Recovery and treatment require modified rest. Effective treatment will include aspects of flexibility, anti-inflammation, strength, biomechanics and nutrition. The re-training of pedaling skills should be included. Possible intervals should include one-legged pedaling and fast pedaling. Controlling variables such as gearing, heart rate, cadence, and terrain can help, too. Consider making a healthy habit of having a complete physical at the completion of a competitive season. This physical should include physiological markers, cycling biomechanics, and musculoskeletal examination. Attention to observed deficits in your seasonal training plan will allow for greater performance gains over the following season.
The key to injury-free performance is the athlete’s ability to discern and report irregular pain and dysfunction. The body is adaptable to a certain point. Attempts to push the body past the point of adaptation will lead to injury and/or pain-induced performance reduction.

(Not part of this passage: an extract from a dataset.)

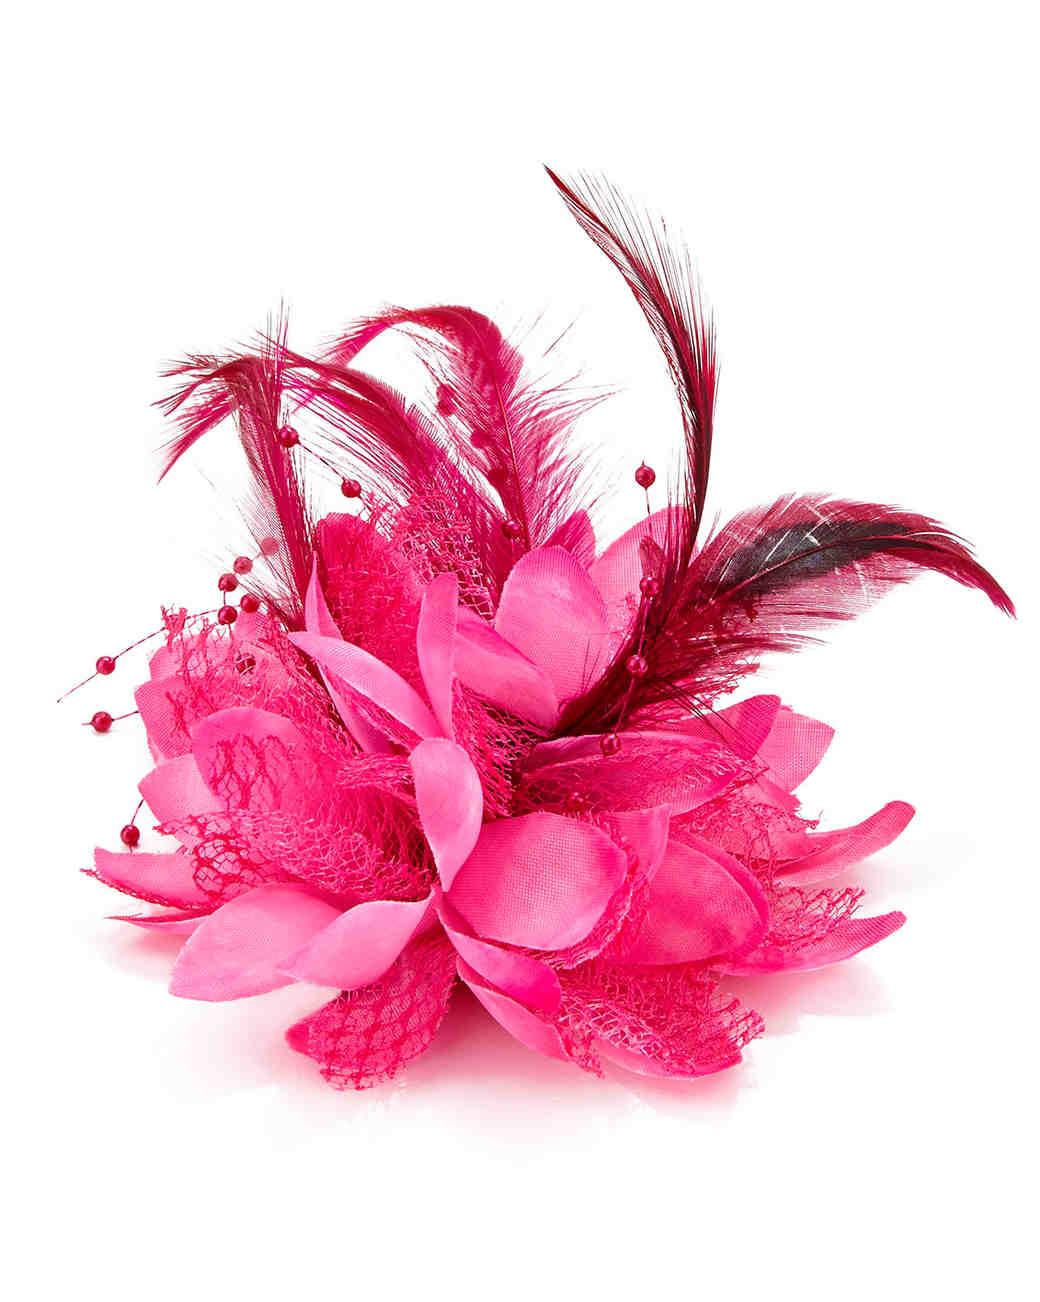 hair-accessories-bow-arts-hair-clip-1014.jpg

Be safe, be smart, train right!
Erik Moen PT, CSCS is a coach with Carmichael Training Systems. Erik is
the clinic director of Physiotherapy Associates – Northgate in Seattle, WA, an outpatient orthopedic and sports physical therapy practice. Erik can be reached through CTS at www.trainright.com
What are common overuse injuries?
Anterior knee pain, ilio-tibial band tendinitis, spinal pain (neck and lower back), hamstring tendinitis, and extremity (hand and foot) numbness/pain are among the most common overuse injuries. Here are some of the reasons why they occur:
Anterior knee pain >> Low saddle, low cadence, quad bias pedaling, misaligned cleat, and muscle imbalance (strong quads, weak hamstrings).

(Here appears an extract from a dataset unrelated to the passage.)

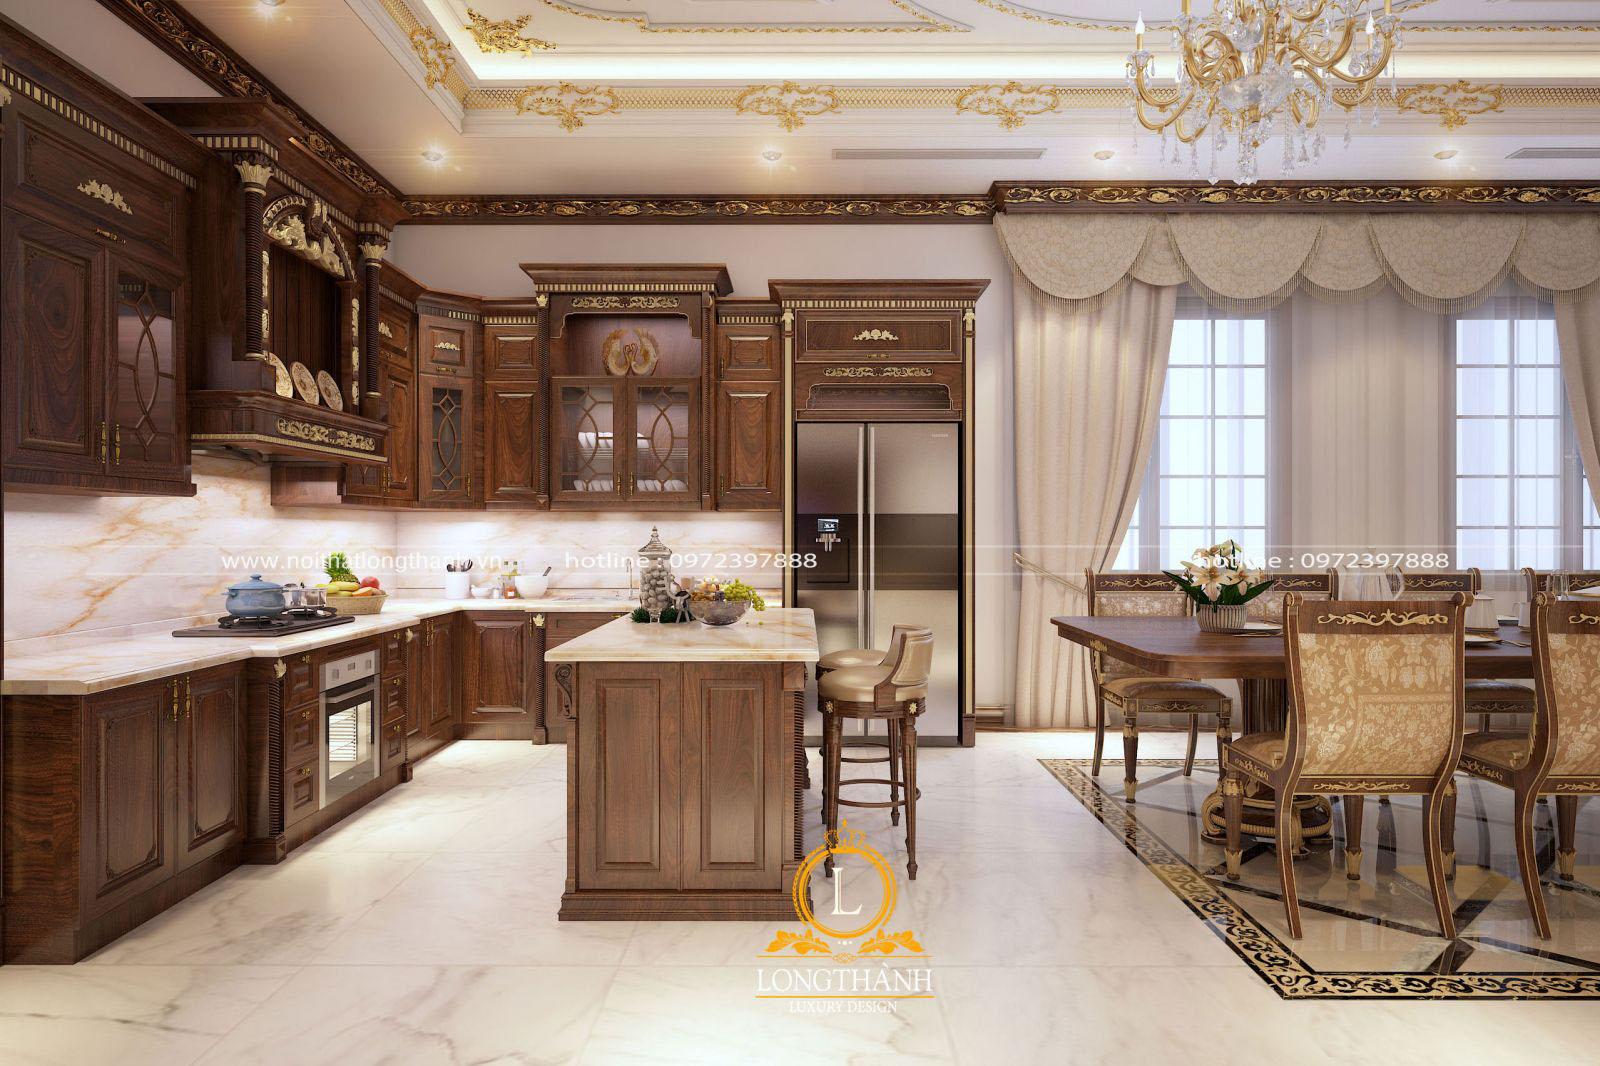 Thiết kế tủ bếp cao cấp gỗ tự nhiên đẹp

Ilio-tibial band tendinitis >> High saddle, leg-length difference, and misaligned cleat.
Neck pain >> Long/low handlebars, short-reach handlebars, and downward tilt of saddle.
Low back pain >> Inflexible hamstrings, low cadence, quad bias pedaling, poor back strength, and long/low handlebars.
Hamstring tendinitis >> Inflexible hamstrings, high saddle, misaligned cleat, and poor hamstring strength.
Hand numbness/pain >> Short-reach handlebars, poorly placed brake levers and downward tilt of saddle.
Foot numbness/pain >> Quad bias pedaling, low cadence, faulty foot mechanics, and poor cleat placement.